Im "großen Teich" im Garten, werde ich das Hechtkraut drinnen lassen. 

Beim Mini-Teich auf dem Balkon habe ich aber so meine Bedenken. Ich poste mal ein Foto: 

http://62.99.236.122/daten/album/001-00008368-00/001-00008368-00-05-0.jpg

Der Teich steht in einem geziegelten Beet in einer Größe von 80 x 80 cm. Es handelt sich um eine runde Zinkwanne mit 60 cm Durchmesser und einer Tiefe von rund 50 cm, die mit Teichfolie ausgelegt ist. Rundherum habe ich den Teich mit Erde hinterfüllt und eine Randbepflanzung gemacht. 

Was meint Ihr, kann ich das Hechtkraut da drin lassen? Oder sollte ich es im Haus überwintern. Und wenn ja - wie am besten (hell oder dunkel, warm oder kalt)?

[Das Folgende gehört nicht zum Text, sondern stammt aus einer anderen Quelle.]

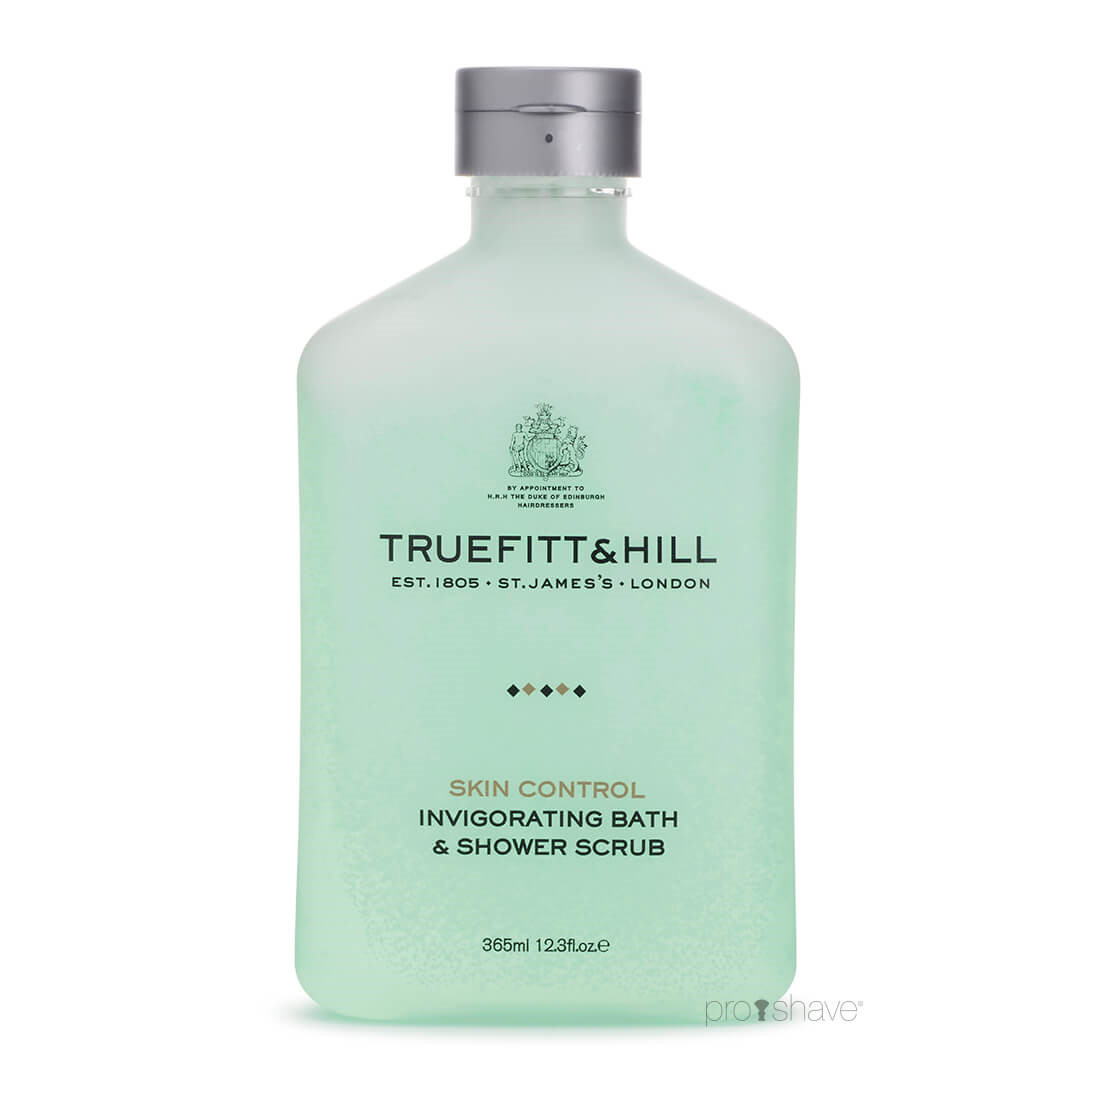 Billede af Truefitt & Hill Invigorating Bath & Shower Scrub, 365 ml.
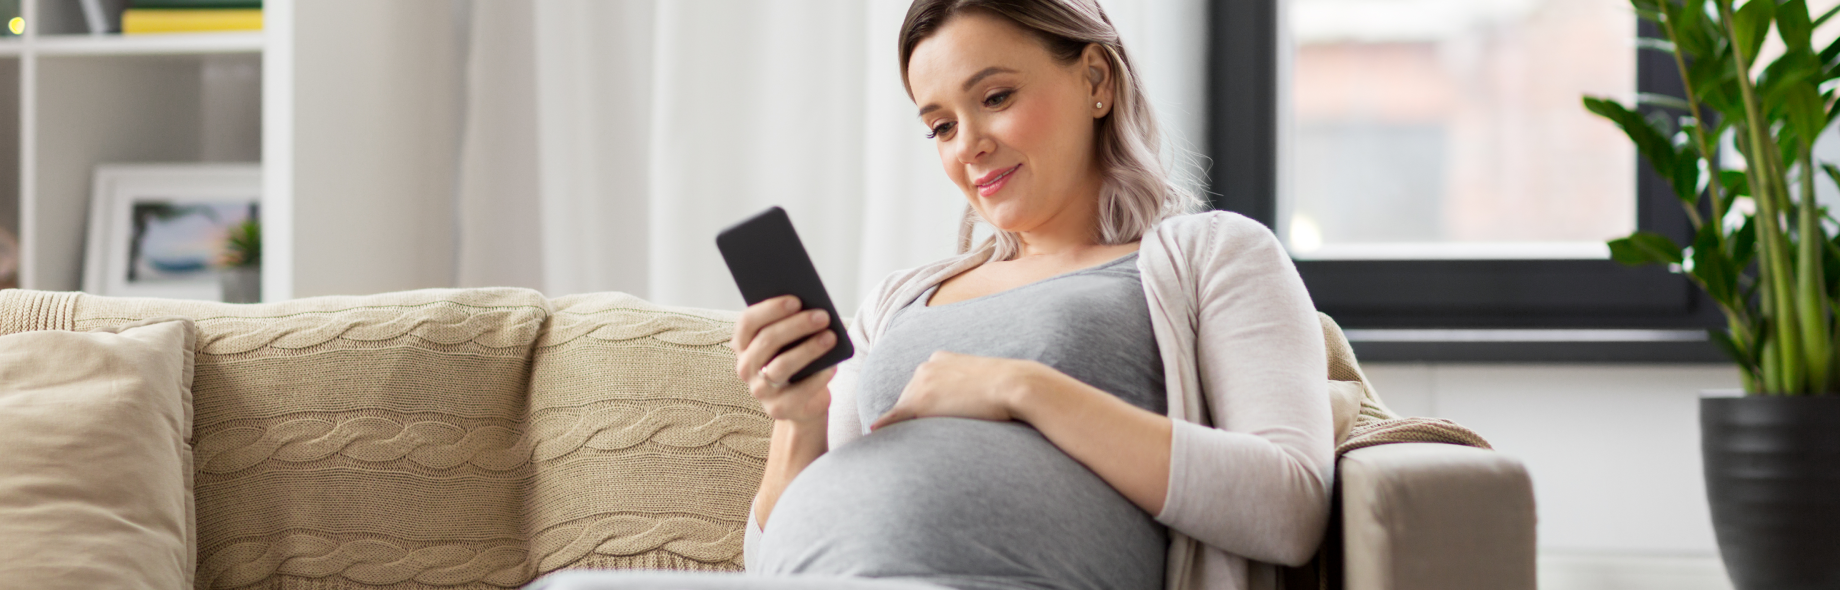 zwangere vrouw met telefoon in haar hand op de bank

Vielen Dank für Eure Tipps!
me


----------



## Teichforum.info (28. Okt. 2004)

Hallo me (hattu auch richtigen Namen?)
bei mir steht das __ Hechtkraut im Flachwasserbereich (0 - 20 cm) und hat nun seinen 4.Winter vor sich. M.E. kann man es drin lassen.
gruß Eugen


----------



## Teichforum.info (28. Okt. 2004)

Hallo,

wie ist es mit __ Wasserpest? Winterhart oder ein Paar Ableger reinholen? 

Gruß tonny


----------



## Teichforum.info (28. Okt. 2004)

Hallo,

Eugens Erfahrung kann man nicht verallgemeinern, er lebt in einem Weinbaugebiet mit entsprechend milderem Klima. Ich habe es schon erlebt, dass mir das __ Hechtkraut im Freien vollkommen erfroren ist, und das bei einer Wassertiefe von gut 30 cm. Kritisch wird es bei nicht ganz winterharten Pflanzen immer dann, wenn das Eis an die Wurzeln der Pflanzen kommt. Je kleiner und flacher ein Teich ist, desto höher ist die Wahrscheinlichkeit, dass aus dem Wasser ein einziger Eisklumpen bis auf den Grund hinunter wird. In kleinen Gefässen (z.B. einer Zinkwanne) friert das Wasser so gut wie in jedem Winter komplett ein. In diesem Fall geht übrigens auch die Zinkwanne kaputt: das Eis dehnt sich aus und drückt die Nahten der Wanne auf. Zinkwannen sollte man daher vor dem Winter immer ausleeren oder in einen frostfreien Raum bringen.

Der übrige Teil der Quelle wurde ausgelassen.